▶ The task
From the line with "Nastavitelná nylonová čepice modrá" through the line with "松江市で無人内見システムを導入している林谷ホームのページ画像", inclusive, return each line of the data below exactly and leave the rest out.

▶ Task input
▬▬▬▬▬▬

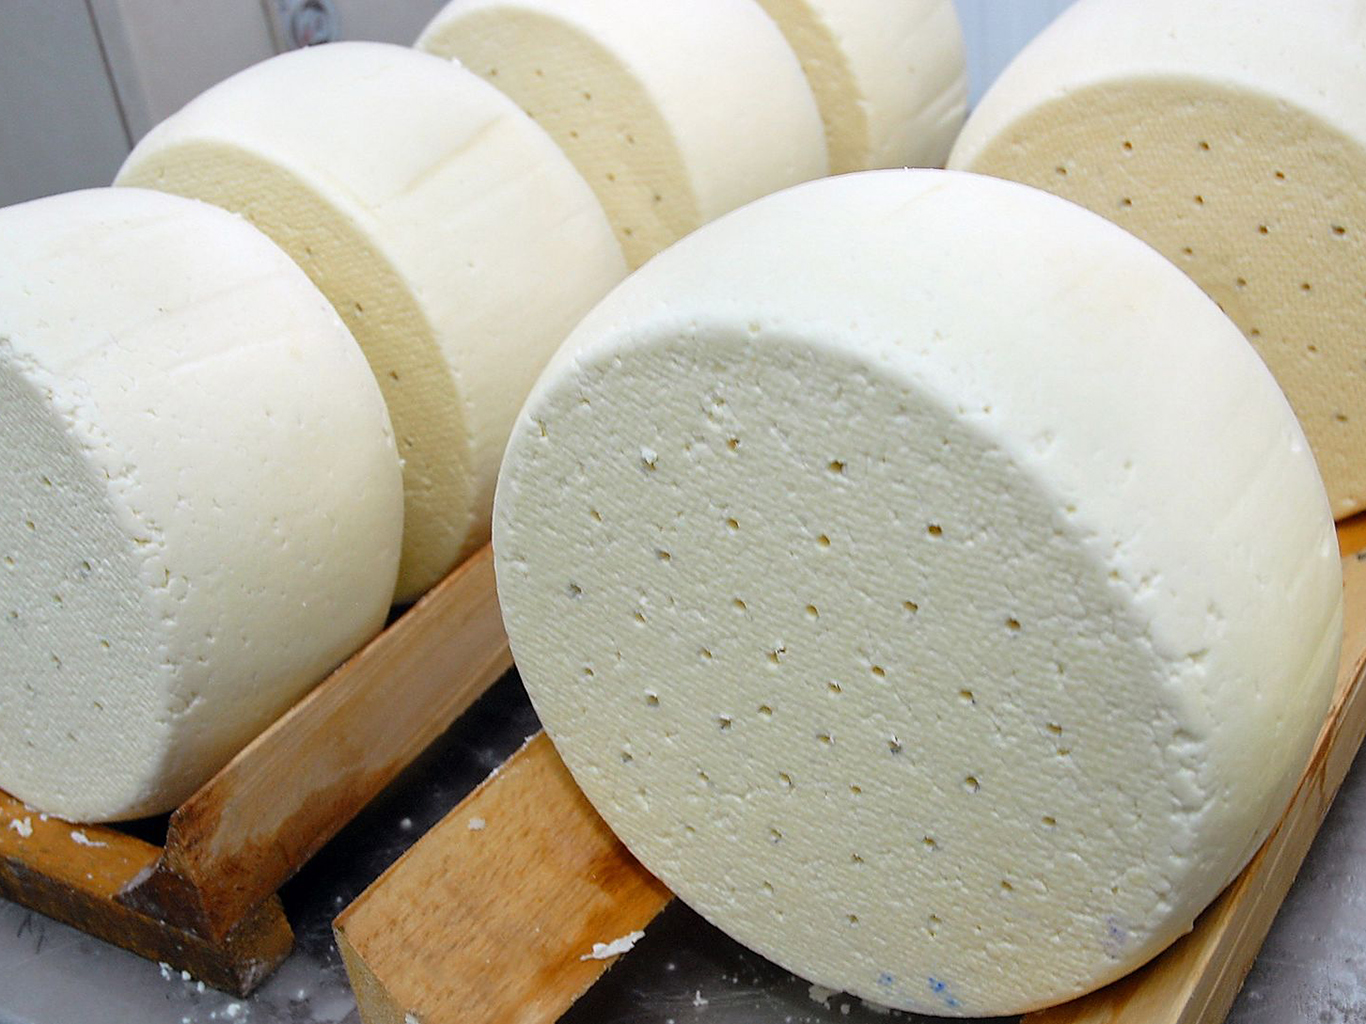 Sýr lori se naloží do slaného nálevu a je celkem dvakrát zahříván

▬▬▬▬▬▬

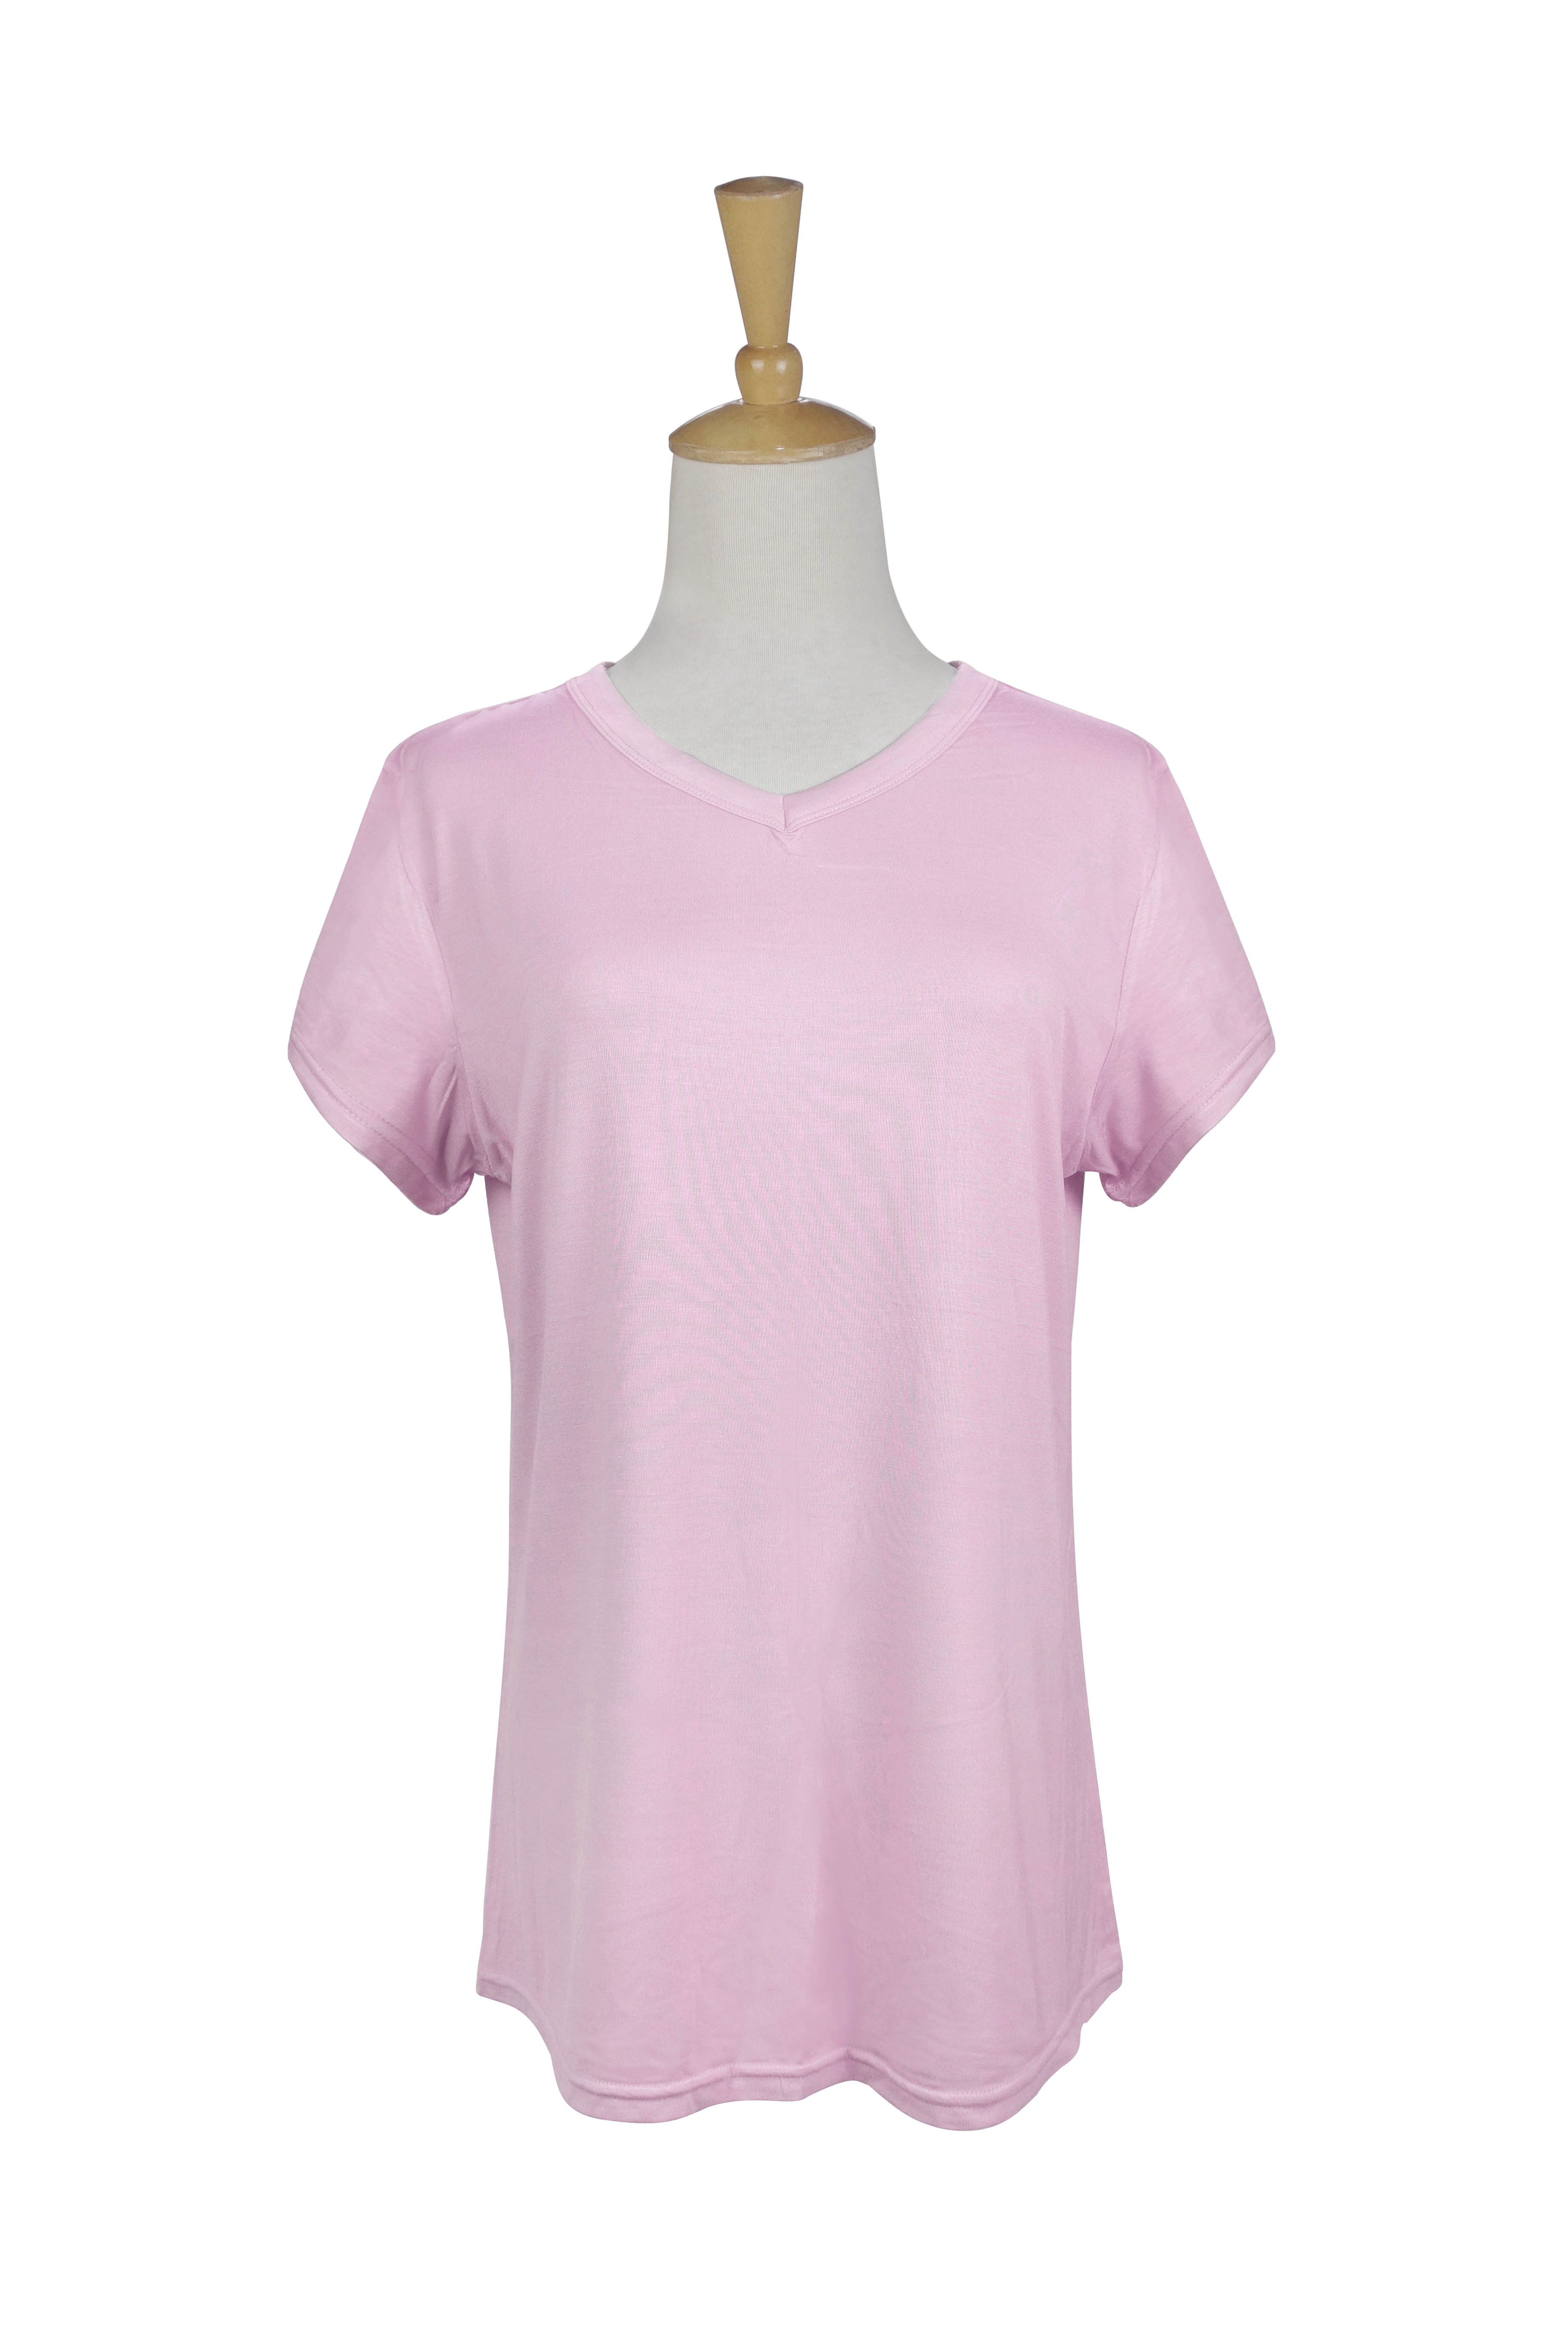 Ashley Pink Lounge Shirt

▬▬▬▬▬▬

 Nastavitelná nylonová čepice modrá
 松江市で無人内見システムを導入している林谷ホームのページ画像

▬▬▬▬▬▬

▶ Your response
 Nastavitelná nylonová čepice modrá
 松江市で無人内見システムを導入している林谷ホームのページ画像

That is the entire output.